Coming up with Colangelo's best move as GM of the Raptors is pretty easy. While some of the aforementioned moves gave the Raptors solid support pieces for various areas of the roster, drafting DeMar DeRozan and Ed Davis gave the team two foundational pieces for the future of the franchise. DeRozan had a so-so rookie year but exploded in his second, going for 20 ppg after the All-Star break and putting himself in a position to make a huge leap in year three. His numbers and career trajectory track nicely in line with scoring wings like Rudy Gay and if he can improve his three-point average (up from the 0.9% he averaged this year), he could develop into one of the preeminent wing scorers in the NBA.

His counterpart here, Ed Davis, has only one year of experience to draw from, but what he showed over the course of that year was impressive. Like DeRozan, he battled through inconsistency with regards to his effort as a rookie, but he finished the season with solid 7.7 ppg and 7.1 rpg averages and looked every bit like the defender-rebounder type that the Raptors had hoped he'd be when he fell to them in the draft.

It's worth noting that as this relates back to Colangelo, both players have basically played above the level of every player selected after them, and in some instances have outperformed players selected well ahead of them (Jonny Flynn and Ekpe Udoh come to mind).
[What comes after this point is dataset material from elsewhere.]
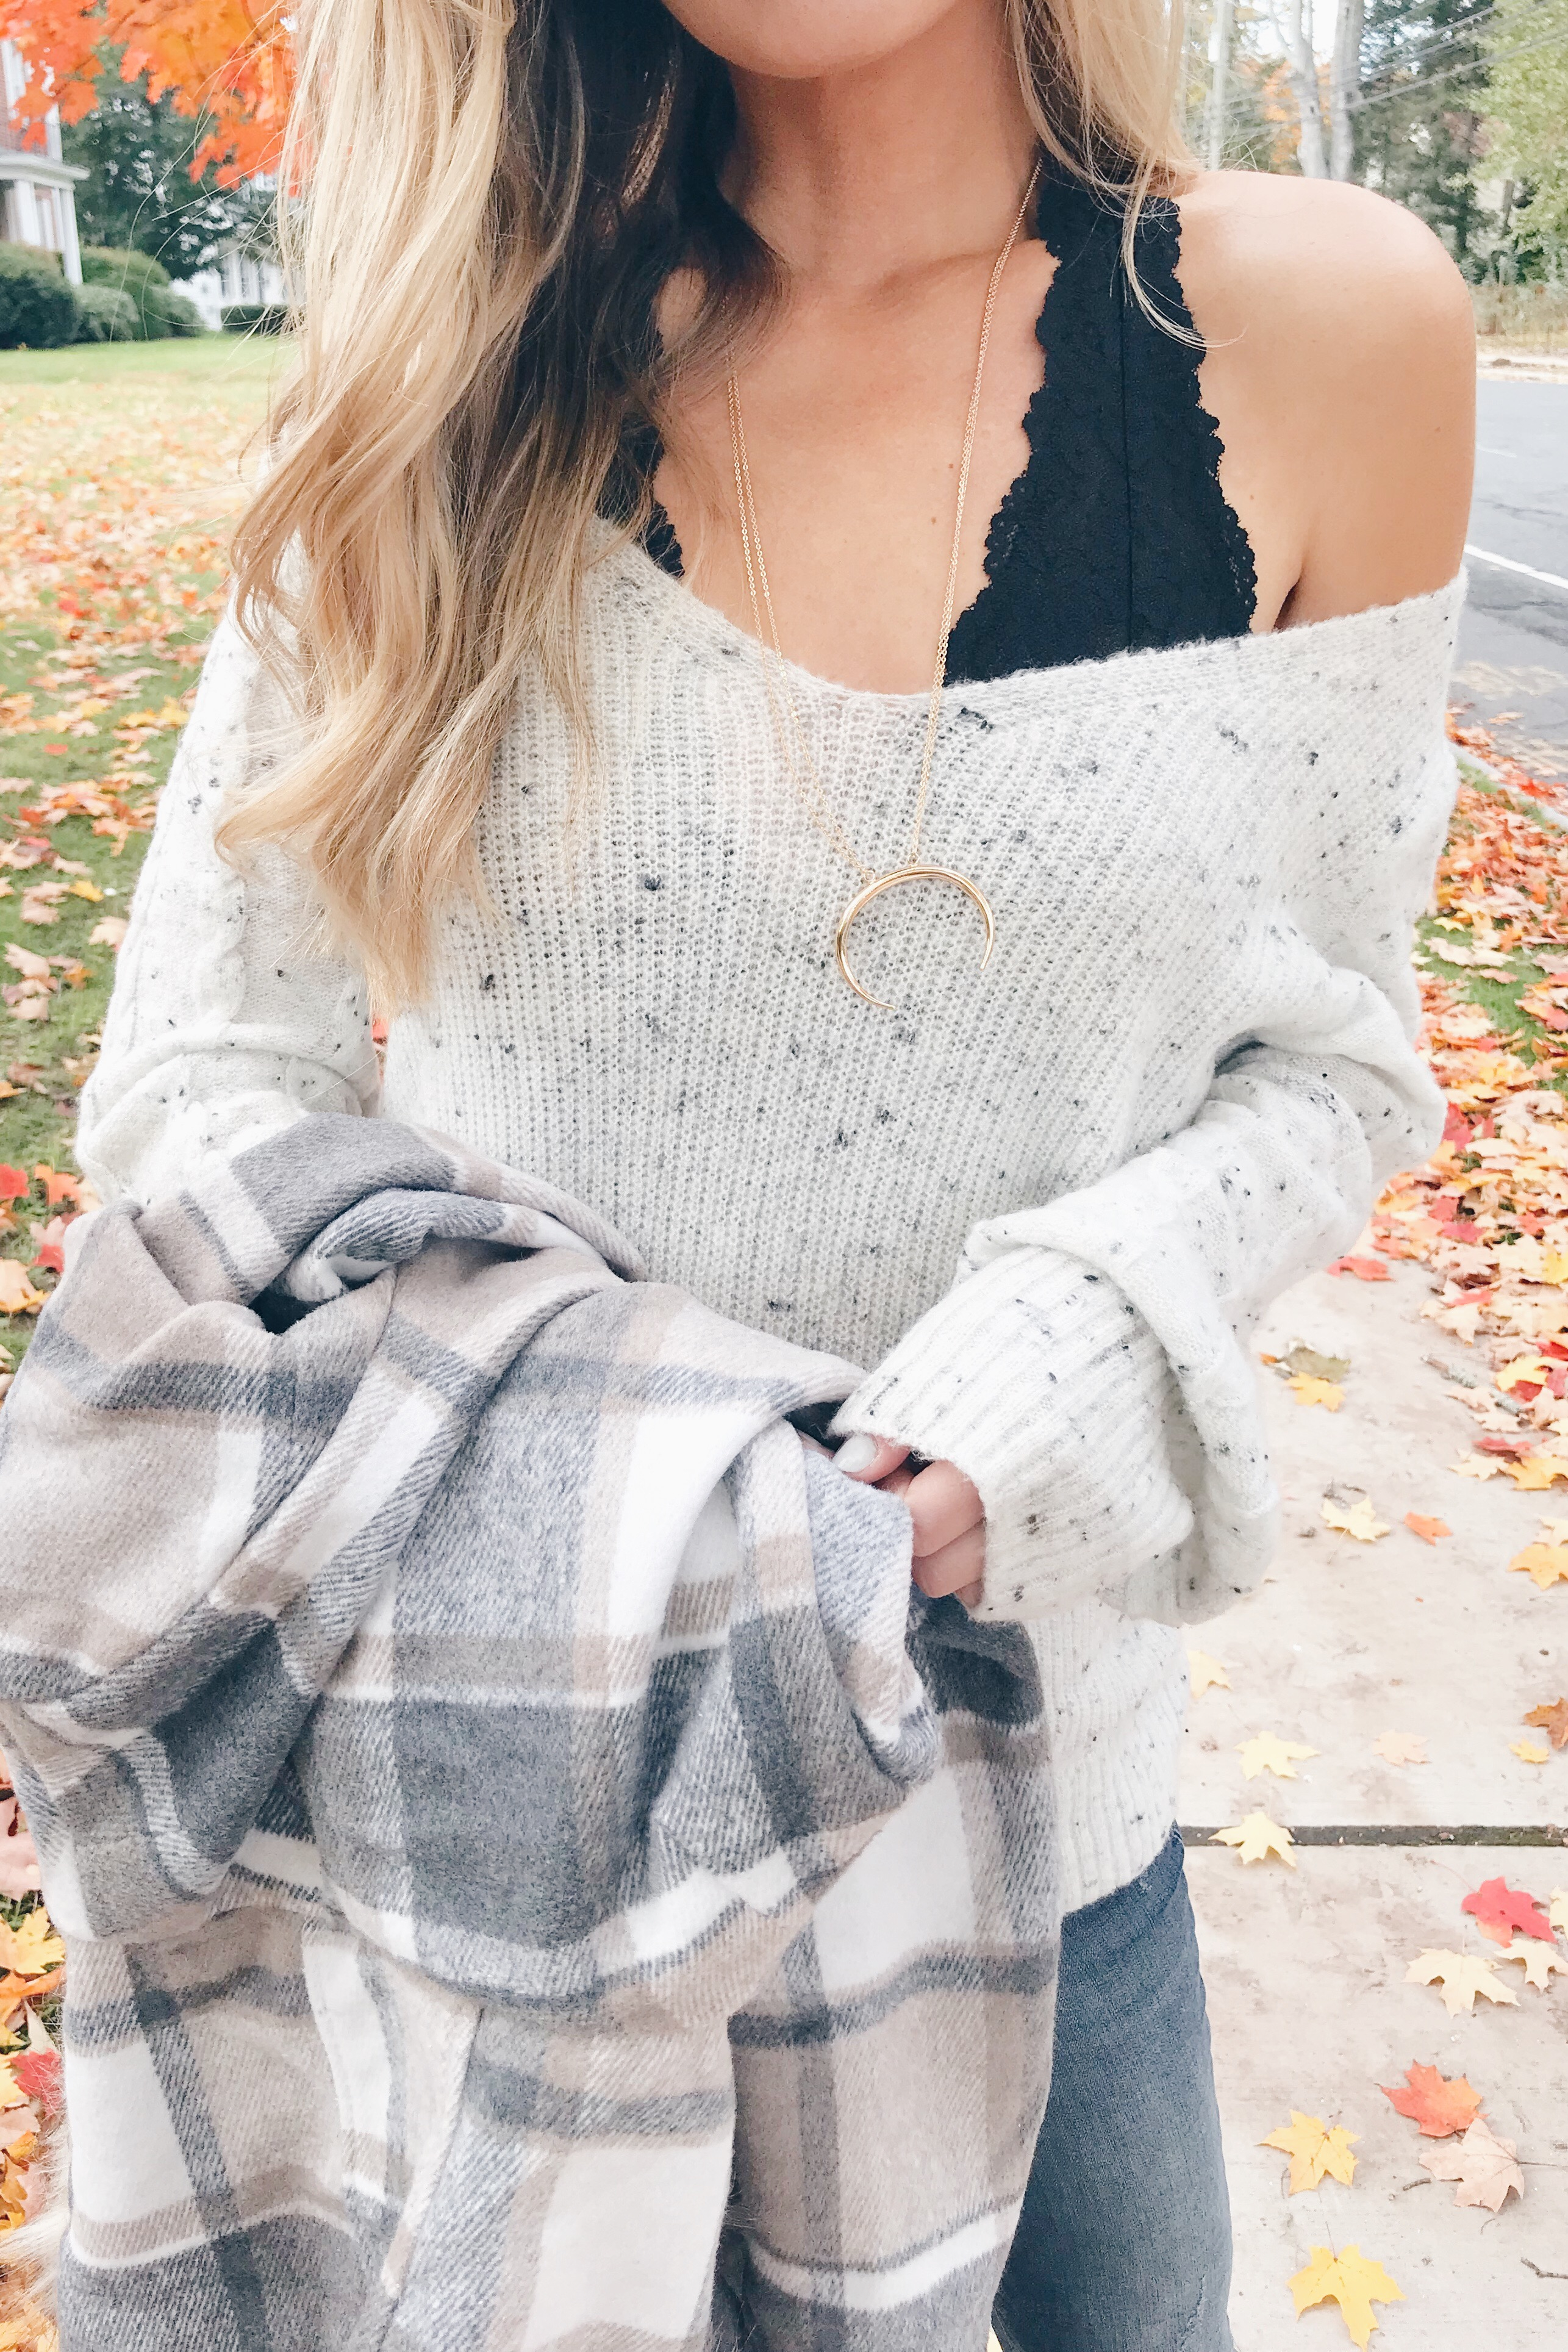  bralette under sweater and statement fall outerwear on pinteresting plans fashion blog

It's exceedingly difficult to get someone better than a role player late in the lottery because most of the top-shelf talent is off the board and you're often left selecting from a group of unproven commodities or safe-but-unexceptional prospects. Teams like Seattle used to get hammered in this area by taking risks on the unproven talent like Saer Sene and Robert Swift, while guys like Brandon Rush, Jordan Hill and Wesley Johnson proved that ‘safe' doesn't always mean safe when it comes to the NBA draft.

Colangelo took two late-lottery picks (9th and 13th) and turned them into valuable assets, and in the case of DeRozan he may have landed a star if he can take the next step as a player in year three. The draft is a minefield and crossing it unscathed is exceedingly difficult but Colangelo did it twice in back-to-back years and has set the Raptors up well, if not yet exceptionally, for the immediate future. Whether or not he gets to remain in charge to finish the job is the most pressing question now facing the Raptors as they look to turn their young core into a meaningful basketball team.